The International Energy Agency (IEA) concluded in its World Energy Outlook 2023 (the "Report") released at the end of October that the rapid development of technologies such as solar, wind and heat pumps is reshaping the way energy is supplied to everything from factories and vehicles to home appliances and heating systems.

By 2030, the number of electric vehicles in the world will be nearly 10 times that of today; The share of renewables in the global electricity mix will rise from about 30% today to nearly 50%; Heat pumps and other electric heating systems will outsell fossil fuel boilers; The investment in new offshore wind projects will be 3 times that of new coal and gas-fired power plants...
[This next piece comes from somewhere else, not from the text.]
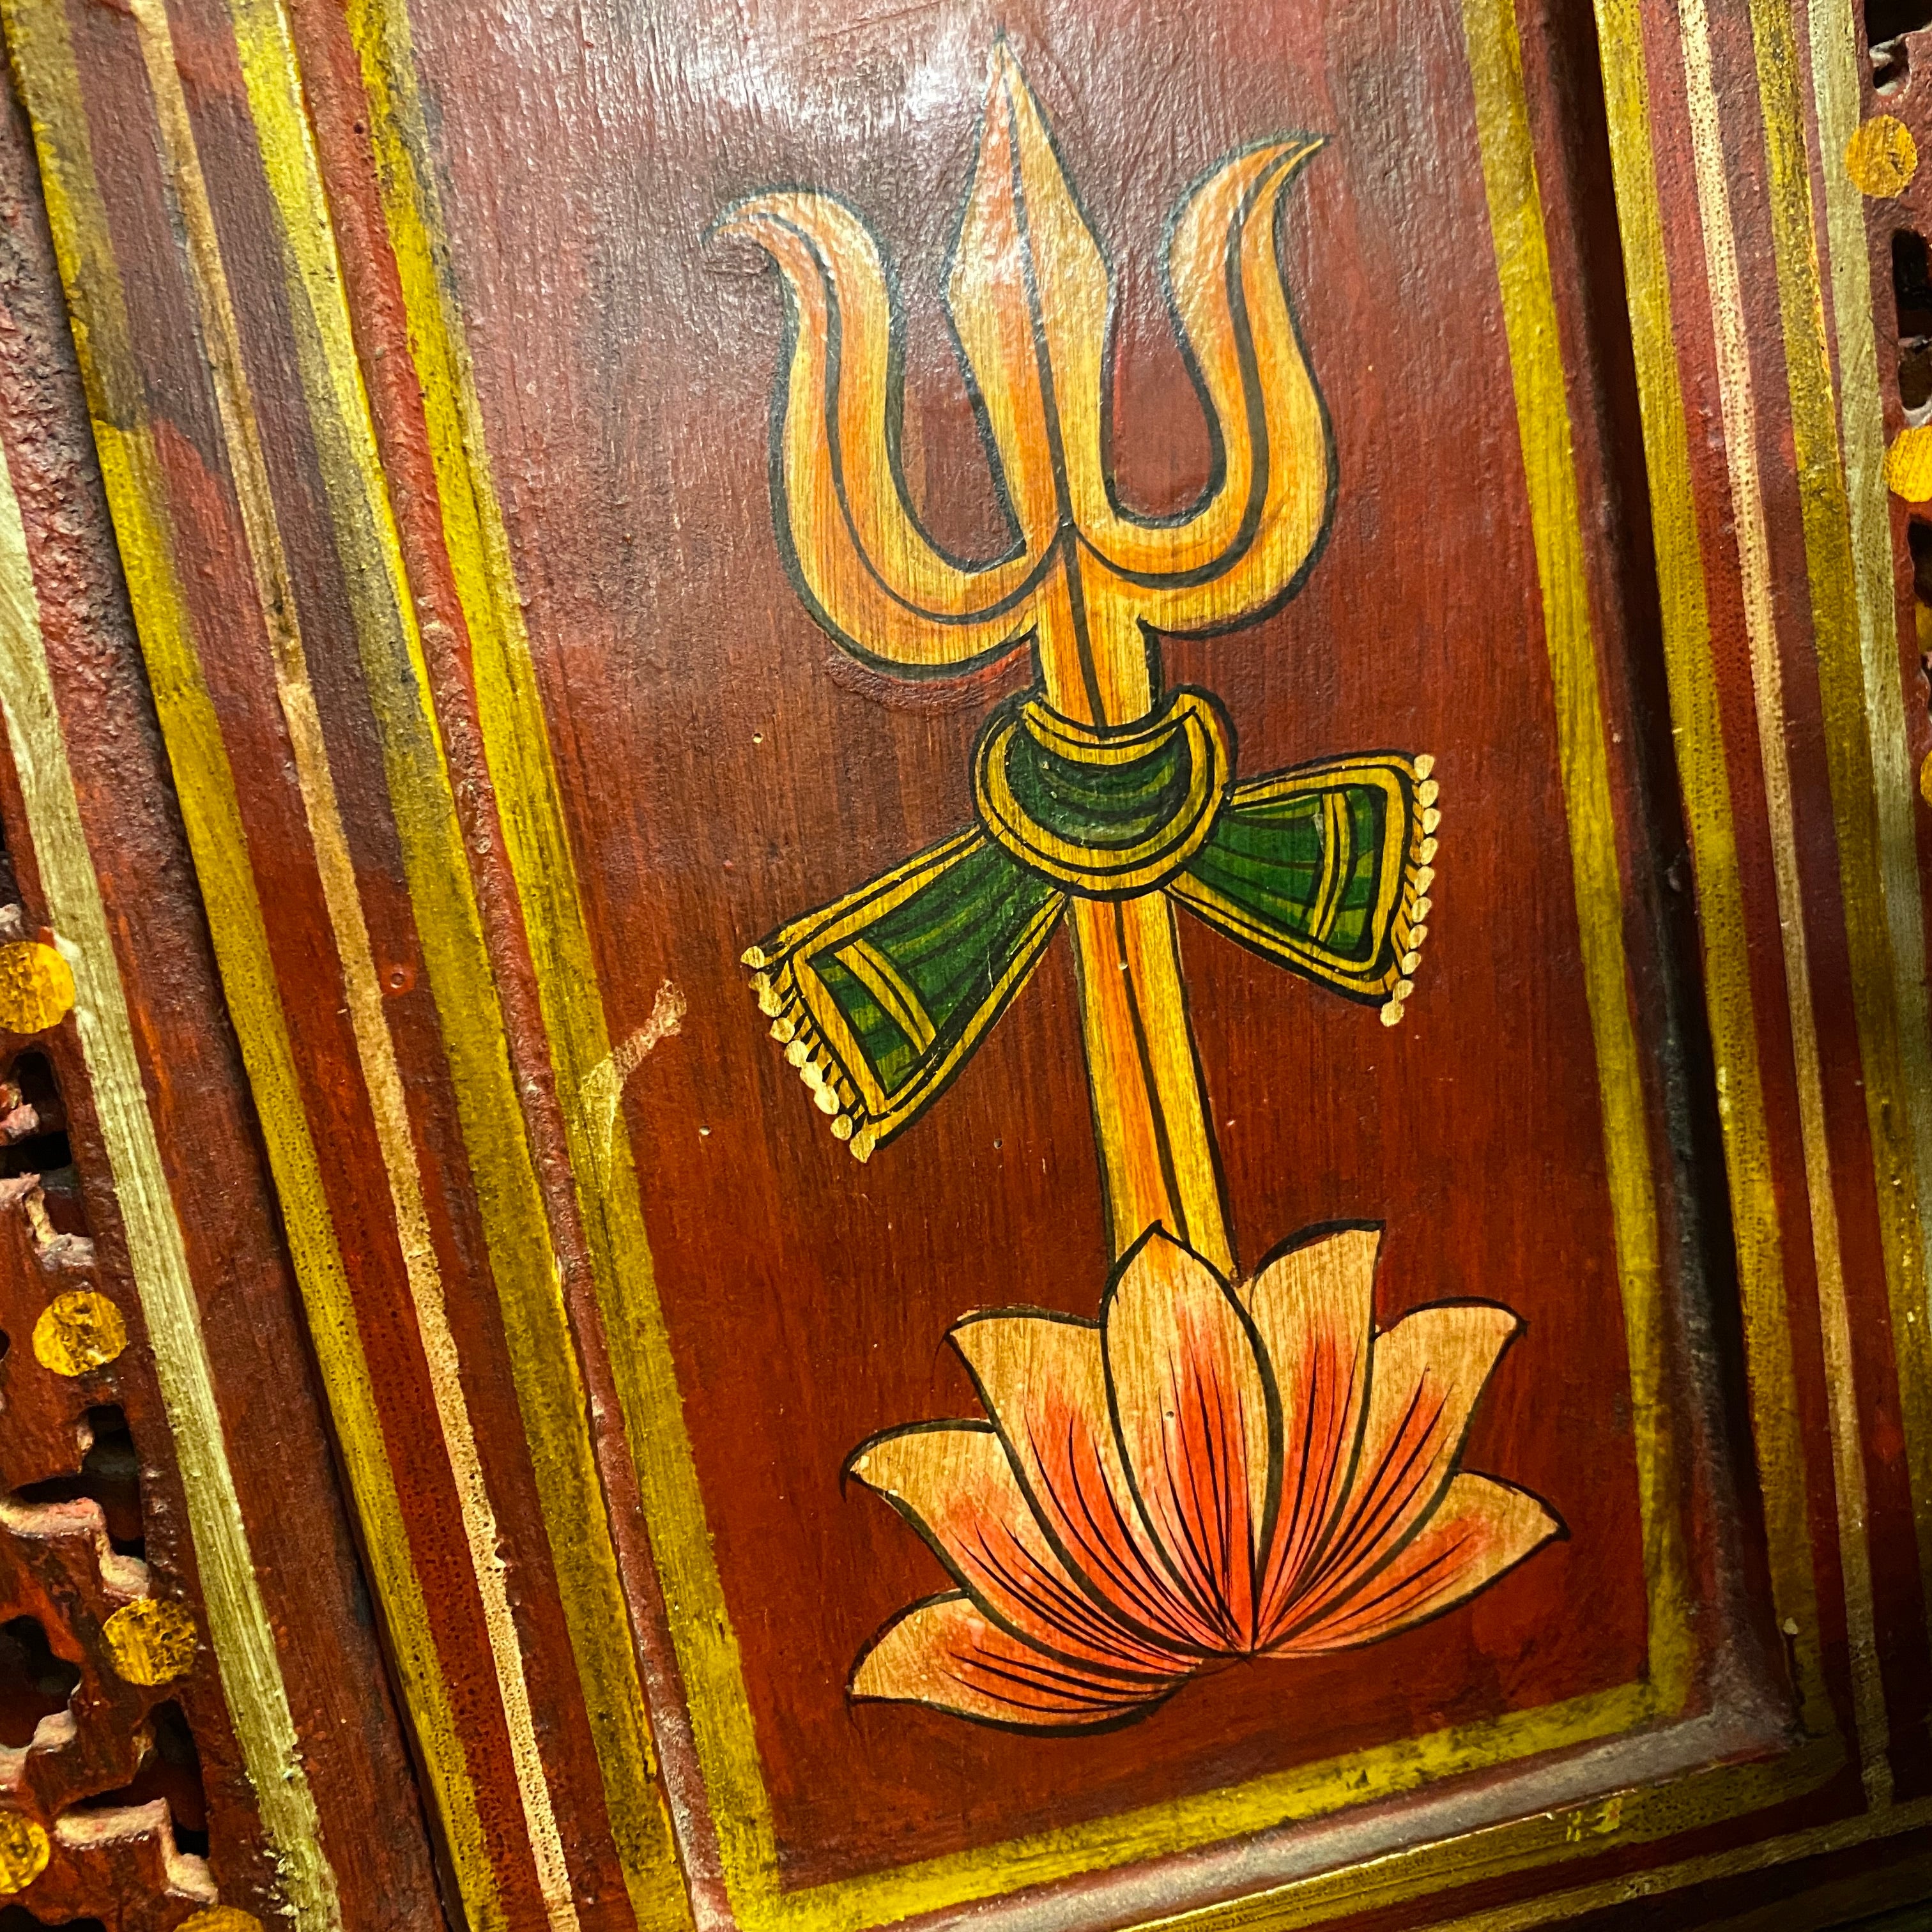 Hand Carved, Hand Painted Wooden Divider - Vintage India NYC

In his report, Fatih Birol, director of the International Energy Agency, stressed: "Countries around the world are transitioning to clean energy, and they are unstoppable. It's not a question of 'whether it will work', but whether it will be fast or not. For all of us, of course, the sooner the better. ”

Fossil fuel peaks

The report begins by mentioning that although global energy prices have fallen from their peaks in 2022 after the Russia-Ukraine conflict, energy markets, geopolitics and the global economy remain unstable. Coupled with the fact that the global average surface temperature is already about 1.2 degrees Celsius above pre-industrial levels, the impact of heat waves and other extreme weather events is still ongoing, and the underlying instability and risks cannot be ignored.

One legacy of the global energy crisis could be the beginning of the end of the "fossil fuel era," the report argues. In Birol's view, statements such as "oil and gas are a safe or reliable choice for the world's energy and climate future" will be greatly less credible due to the tight and volatile traditional energy markets.
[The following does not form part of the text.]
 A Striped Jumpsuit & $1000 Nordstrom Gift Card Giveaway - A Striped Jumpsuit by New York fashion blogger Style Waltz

The rapid development of clean energy technologies on a global scale, combined with the transformation of the global economic structure, has had a significant impact on fossil fuels. According to the report, the current momentum of the clean energy transition is strong enough for global demand for coal, oil and gas to reach the high point of STEPS (Updated Policy Environment Outlook) by 2030 and then begin to slow gradually.

The share of fossil fuels, represented by coal, oil and natural gas, in the global energy supply has remained around 80% for decades. The report argues that the share of fossil fuels in the global energy supply will fall to 73% by 2030, continuing the current trend. Among them, the share of coal will decline the fastest, possibly by 40 percentage points by 2050 compared to the current level.

The report predicts that global energy-related carbon dioxide emissions will also peak in 2025. According to IEA data, global energy-related carbon dioxide emissions reached a record high of more than 36.8 billion tonnes in 2022, but increased by less than 1% from 2021, a slower-than-expected increase, thanks to the growth of clean energy sources such as solar, wind, electric vehicles and heat pumps. Carbon emissions from the global energy sector increased by 6% in 2021.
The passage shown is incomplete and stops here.